François de Laval et Marie de l’Incarnation: des dollarasaints?

François de Laval et Marie de l’Incarnation: des dollarasaints?

*** Texte rédigé pour le Huffington Post le 4 avril 2014. Je le publie ici afin de le garder dans les archives de Crayon et goupillon. ***

La décision du pape François de canoniser François de Laval et Marie de l’Incarnation fait atterrir au Québec la question posée par l’hebdomadaire français La Vie il y a quelques jours: le pape brade-t-il la sainteté?

Rappelons que pour être canonisé, il faut habituellement se voir attribuer deux miracles. Dans certains cas rarissimes, le pape peut, par décret, faire fi du deuxième miracle et décider de procéder tout de même à la canonisation. On parle alors d’une canonisation équipollente. Les deux nouveaux saints québécois bénéficient de cette procédure.
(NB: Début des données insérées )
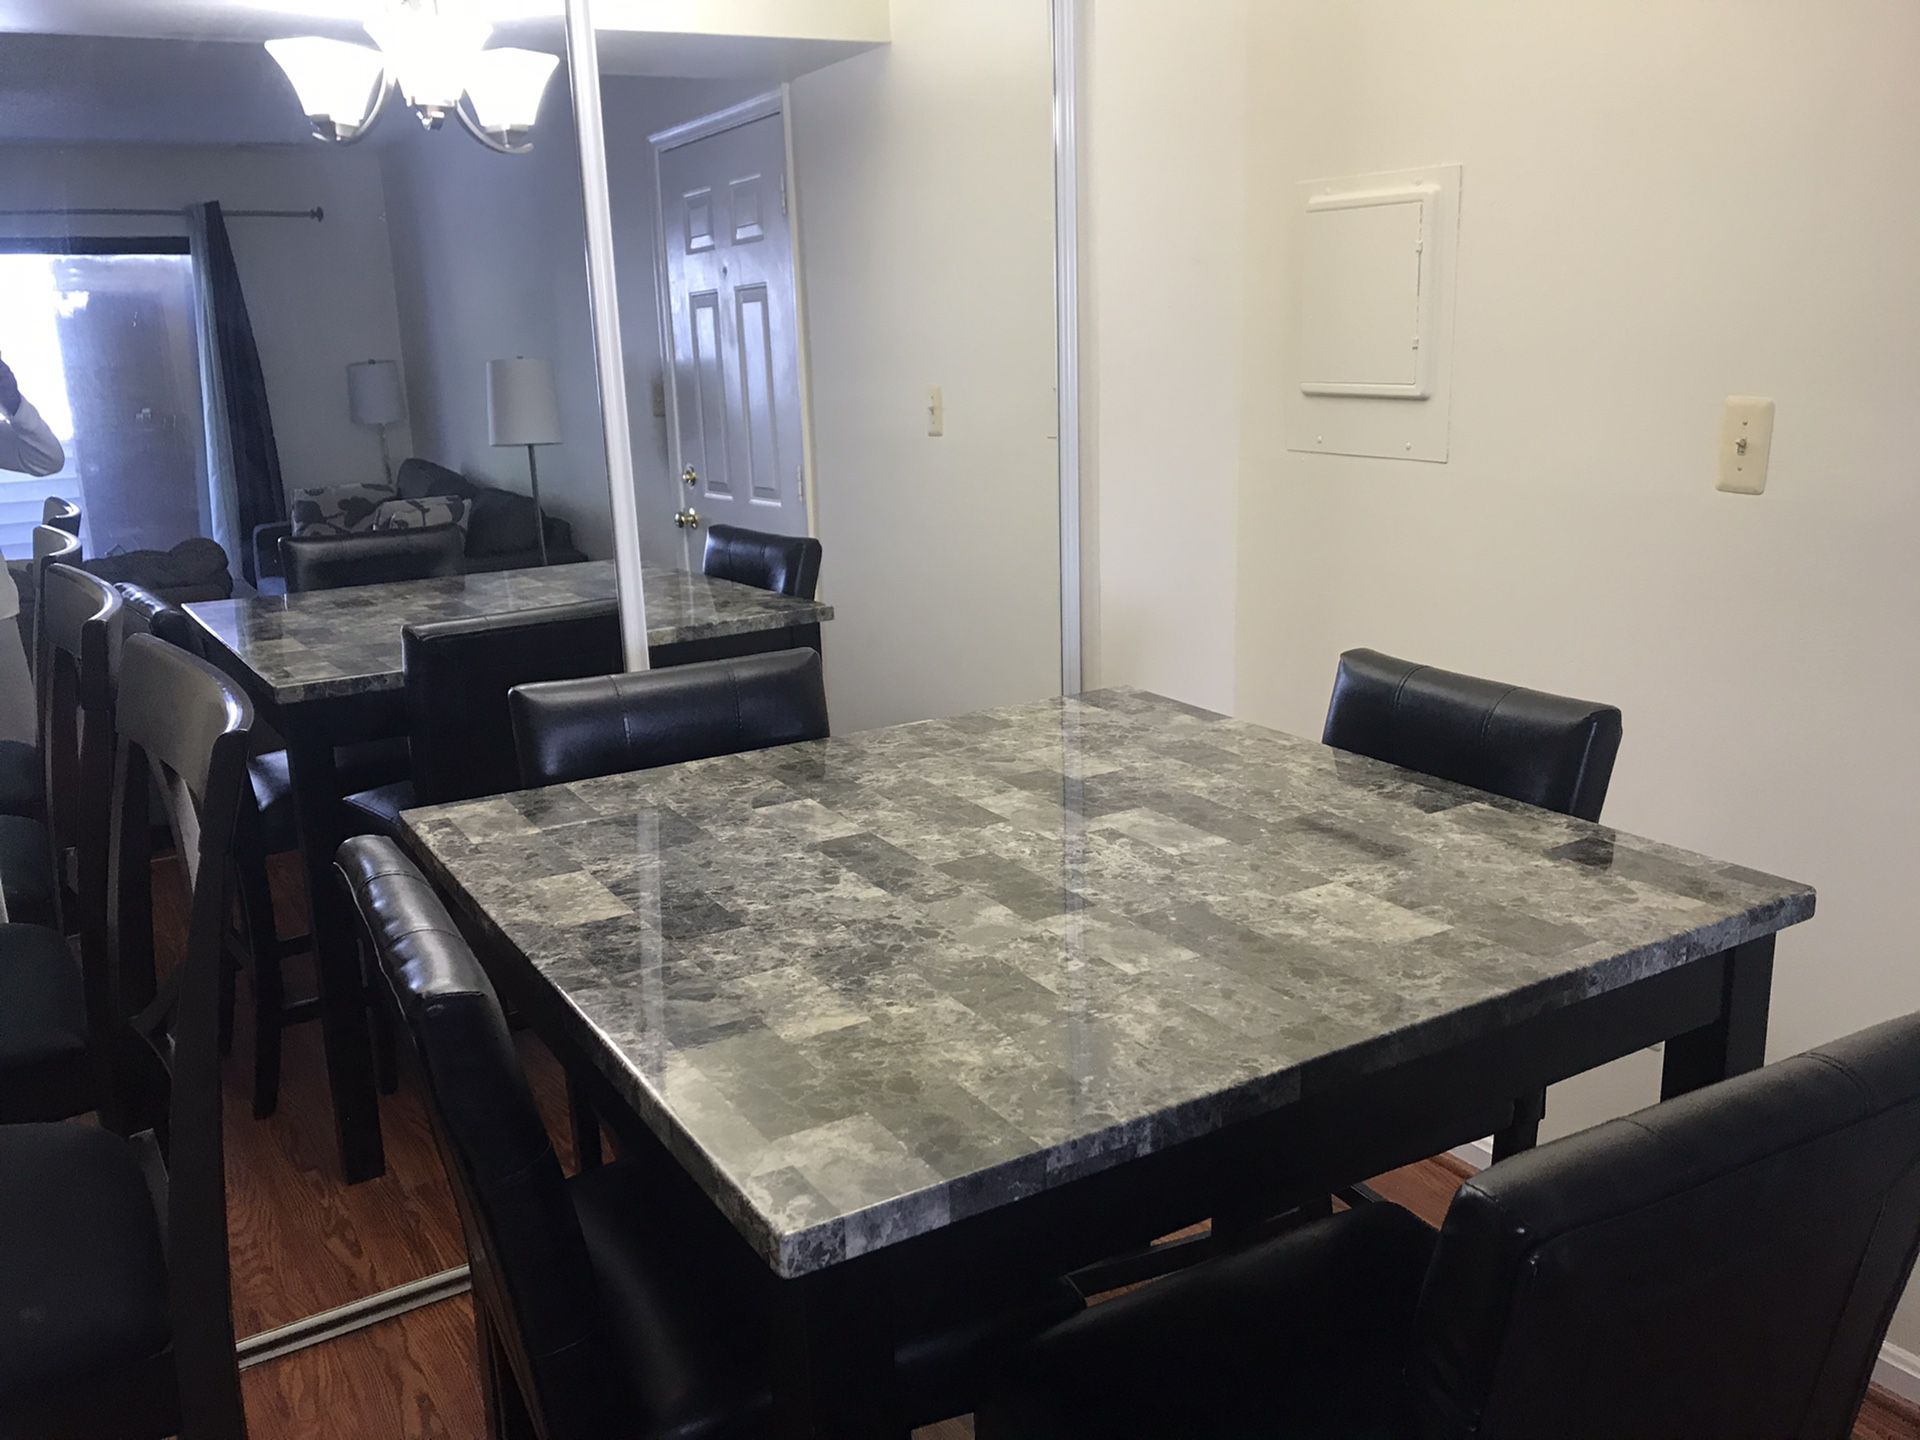 Dining room table w/ four chairs

Le hic, c’est qu’au cours de son long pontificat, le pape Jean-Paul II a utilisé une fois seulement cette procédure, pour l’appliquer à trois personnes en 1995. Le pape Benoît XVI s’en est prévalu une seule fois aussi, pour la canonisation de Hildegarde von Bingen en 2012. En un an et des poussières, François y a déjà fait appel trois fois… en plus de donner un accord spécial sans reconnaissance de miracle pour la canonisation du pape Jean XXIII, qui se fera le 27 avril selon la procédure ordinaire.

En compagnie des deux saints de Québec, le pape approuve aussi la canonisation équipollente du jésuite José de Anchieta, missionnaire du Brésil au 16e siècle. Il avait aussi utilisé cette procédure pour Angèle de Foligno et Pierre Favre en 2013.
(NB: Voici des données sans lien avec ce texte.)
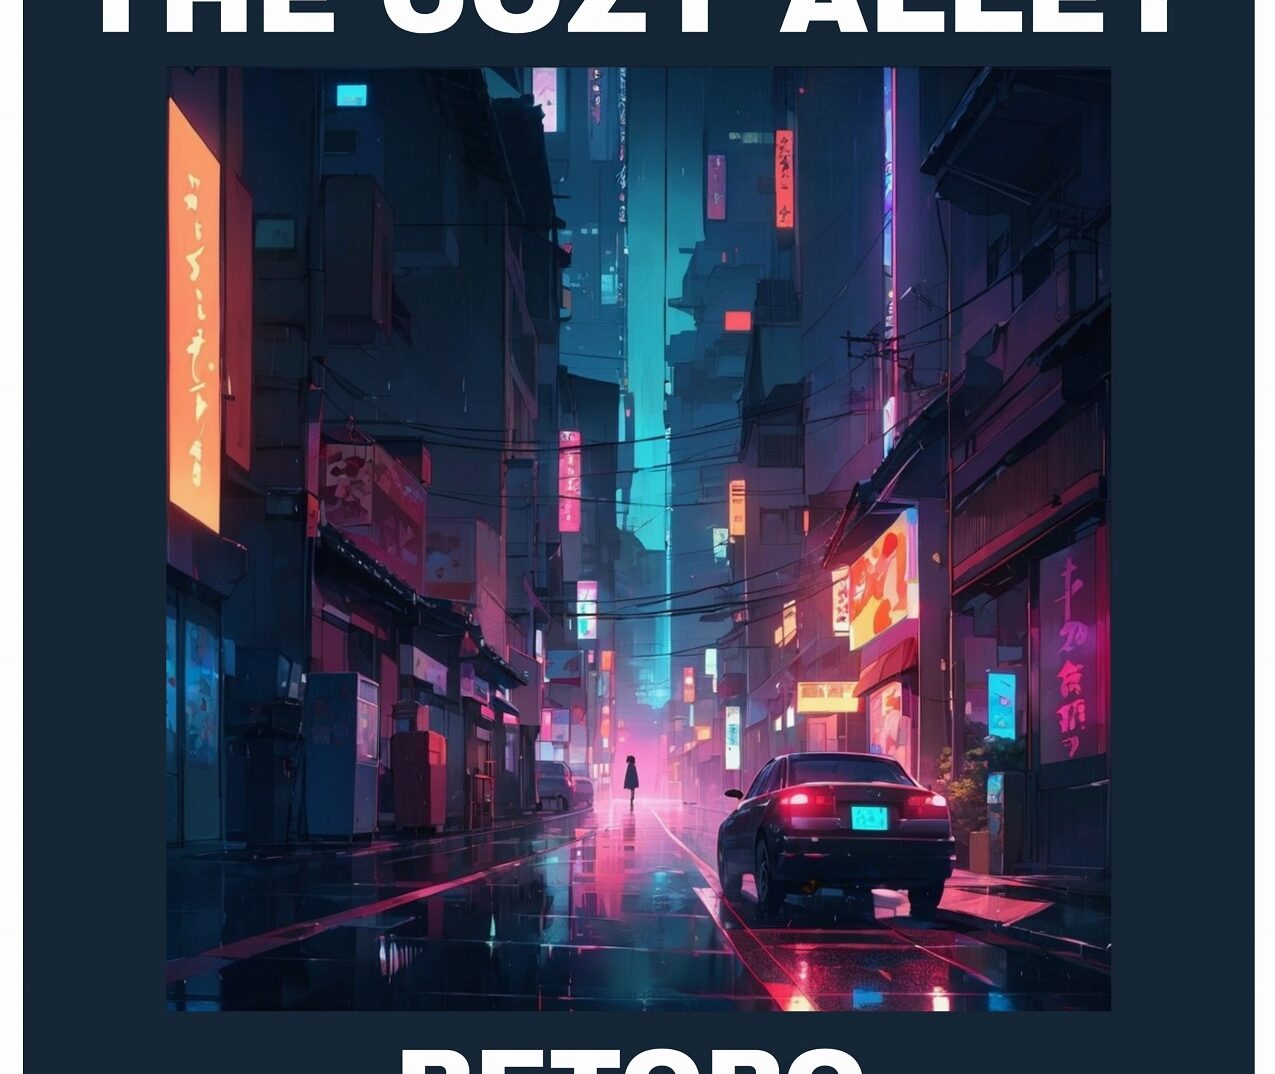 TheCozyAlley a peaceful musical experience

Or, il faut savoir qu’une canonisation est en général l’aboutissement d’un long processus d’enquête mené d’abord localement, puis à Rome, pour se pencher sur la vie, les écrits, les œuvres et la réputation de sainteté d’une personne. La nature même de cette procédure favorise les religieux et religieuses, dont les communautés disposent à la fois de moyens humains et pécuniaires pour promouvoir la cause.
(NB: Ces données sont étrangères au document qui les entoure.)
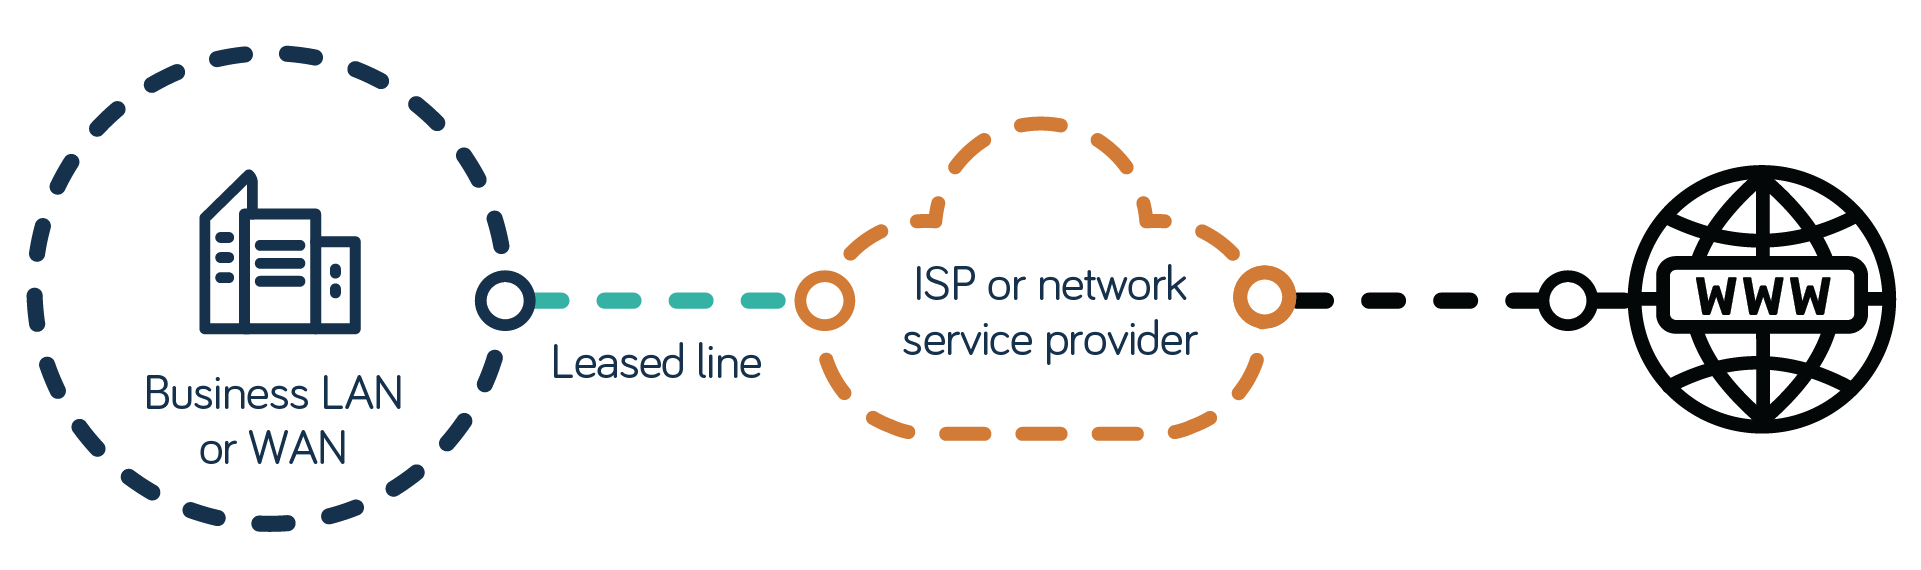 Dedicated internet access diagram, showing how DIA connects your business LAN or WAN to the internet via a leased line to your ISP or network service provider

La longueur d’un tel processus permet souvent de voir se développer une dévotion locale. Prenons l’exemple du frère André : sa réputation populaire de sainteté était bien établie déjà de son vivant. Sa mort a ensuite ouvert la porte à un processus de canonisation qui est d’abord passé par une dévotion à Montréal, puis au Canada et en Amérique du Nord, avant d’atteindre d’autres pays. En fait, plusieurs parlaient déjà de lui comme d’un saint avant même que Rome ne le reconnaisse officiellement.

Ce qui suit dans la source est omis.